En vertu de la Loi sur l’UES, le directeur de l’UES doit établir, d’après les preuves recueillies dans le cadre d’une enquête, s’il existe des motifs raisonnables de croire qu’un agent a commis une infraction criminelle. Si de tels motifs existent, le directeur a le pouvoir de faire porter une accusation criminelle contre cet agent. Par contre, en l’absence de tels motifs, le directeur ne peut pas porter d’accusation. Dans ce cas, un rapport d’enquête est rédigé et rendu public, sauf s’il portait sur des allégations d’agression sexuelle, auquel cas le directeur de l’UES peut consulter la personne concernée et exercer son pouvoir discrétionnaire de ne pas publier le rapport pour protéger la vie privée de la personne concernée.

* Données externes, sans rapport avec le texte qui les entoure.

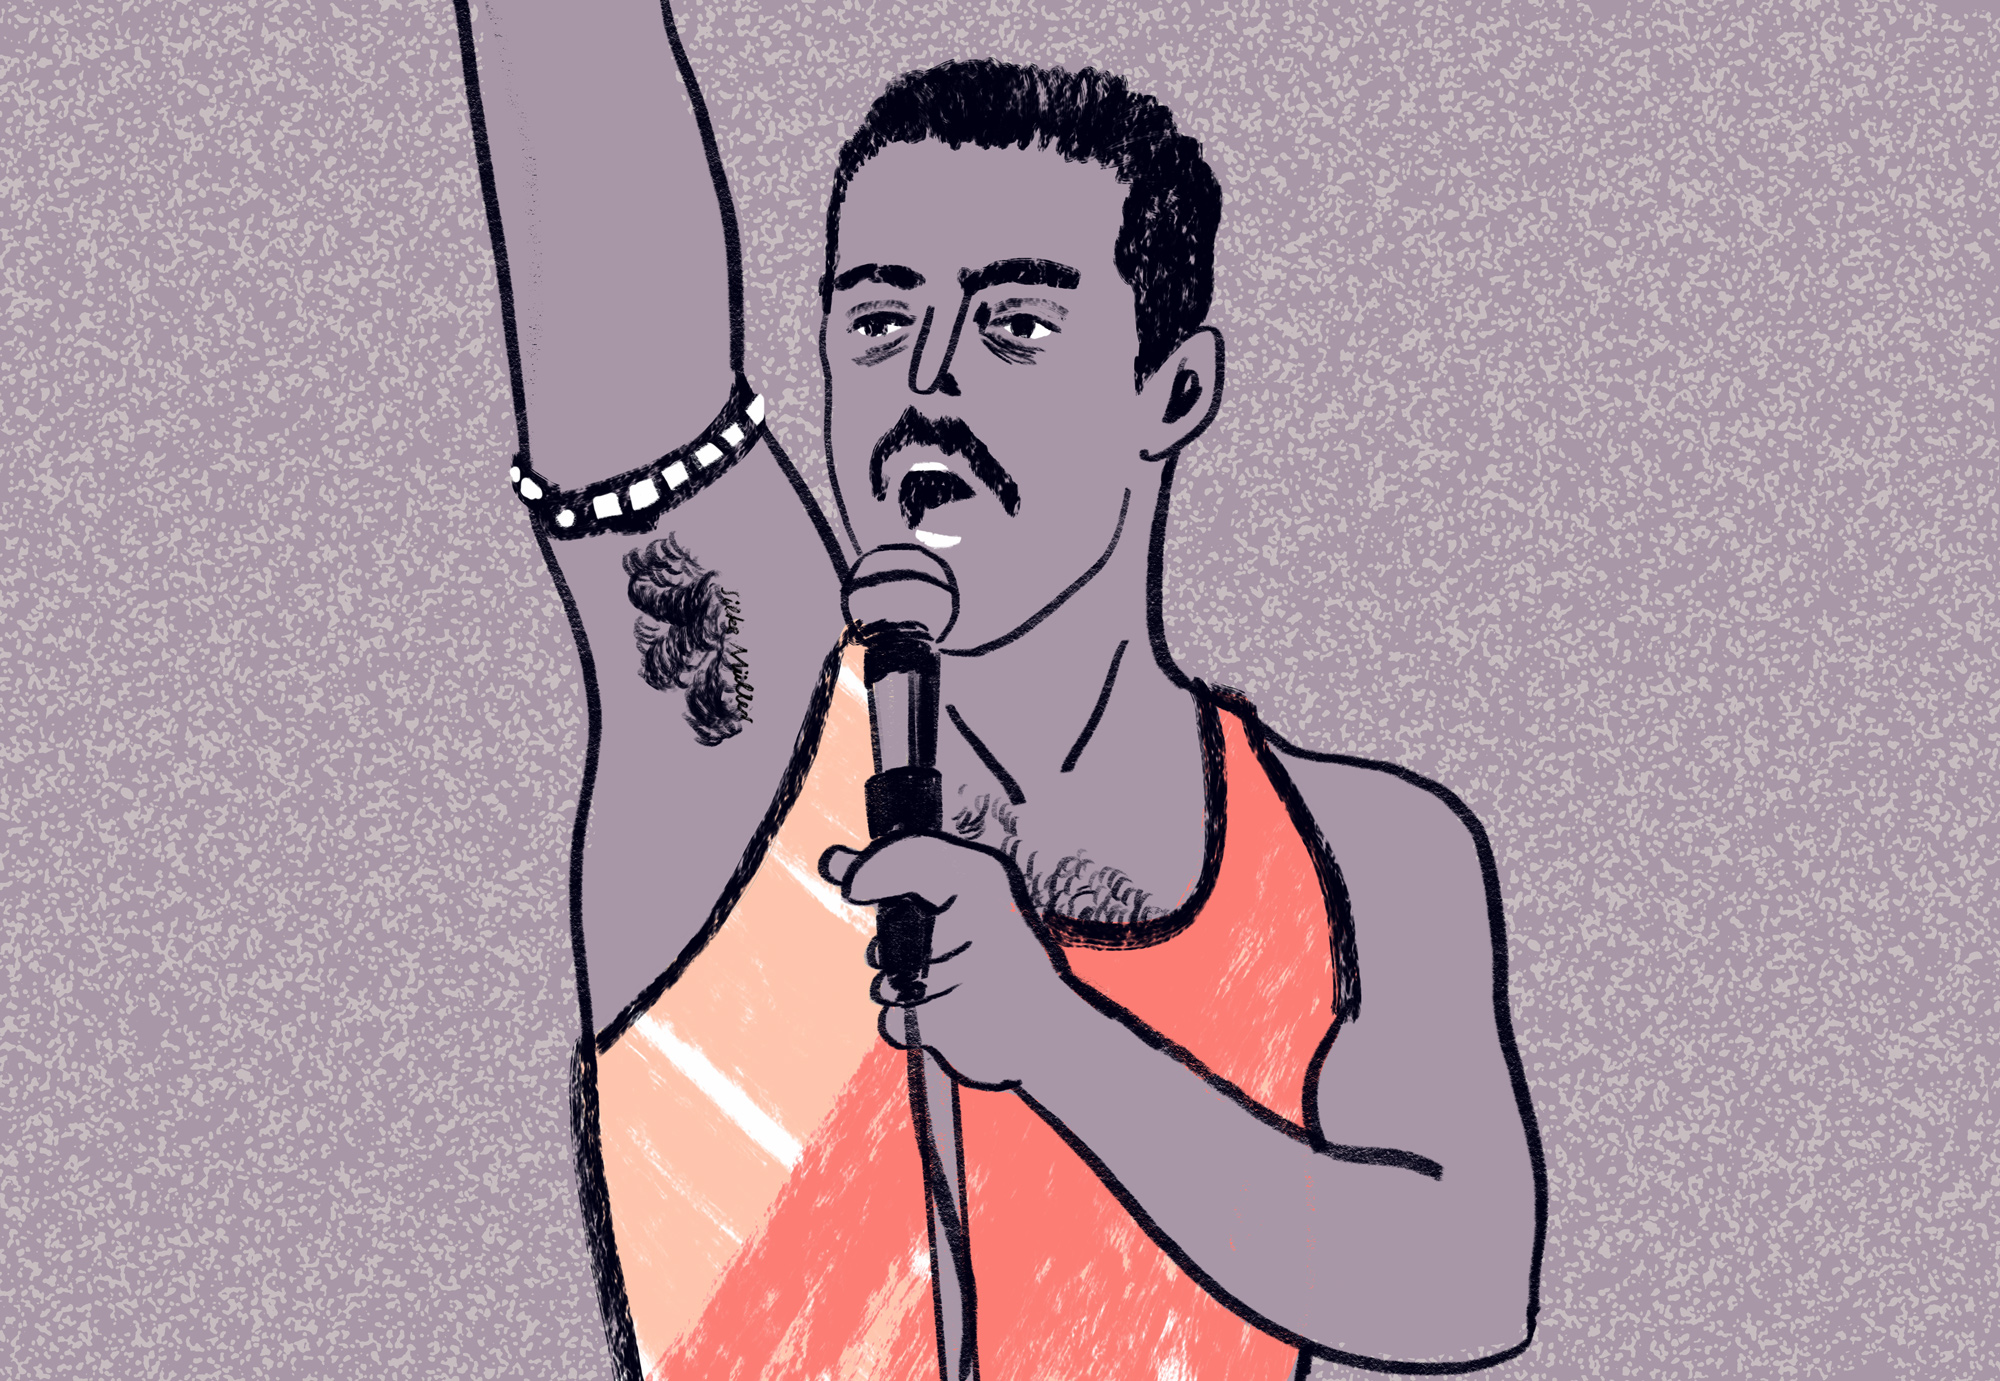 Auf der Illustration von Silke Müller sieht man den Schauspieler, der Freddie Mercury spielt, in dem Film Bohemian Rapsody

Restrictions concernant la divulgation de renseignements
Loi de 2019 sur l’Unité des enquêtes spéciales
En vertu de l’article 34, certains renseignements peuvent être omis de ce rapport, notamment :
- le nom d’un agent impliqué, d’un agent témoin, d’un témoin civil ou d’une personne concernée, ainsi que tout renseignement permettant d’identifier ces personnes;
- des renseignements qui pourraient amener à ce que l’identité d’une personne ayant signalé avoir été agressée sexuellement soit révélée dans le contexte de l’agression sexuelle;
- des renseignements qui, de l’avis du directeur de l’UES, peuvent présenter un risque de préjudice grave pour une personne;
- des renseignements qui divulguent des techniques ou méthodes d’enquête;
- des renseignements dont la diffusion est interdite ou restreinte par la loi;
- des renseignements pour lesquels la protection de la vie privée d’une personne obtenue grâce à leur non-publication l’emporte clairement sur l’intérêt public de les publier.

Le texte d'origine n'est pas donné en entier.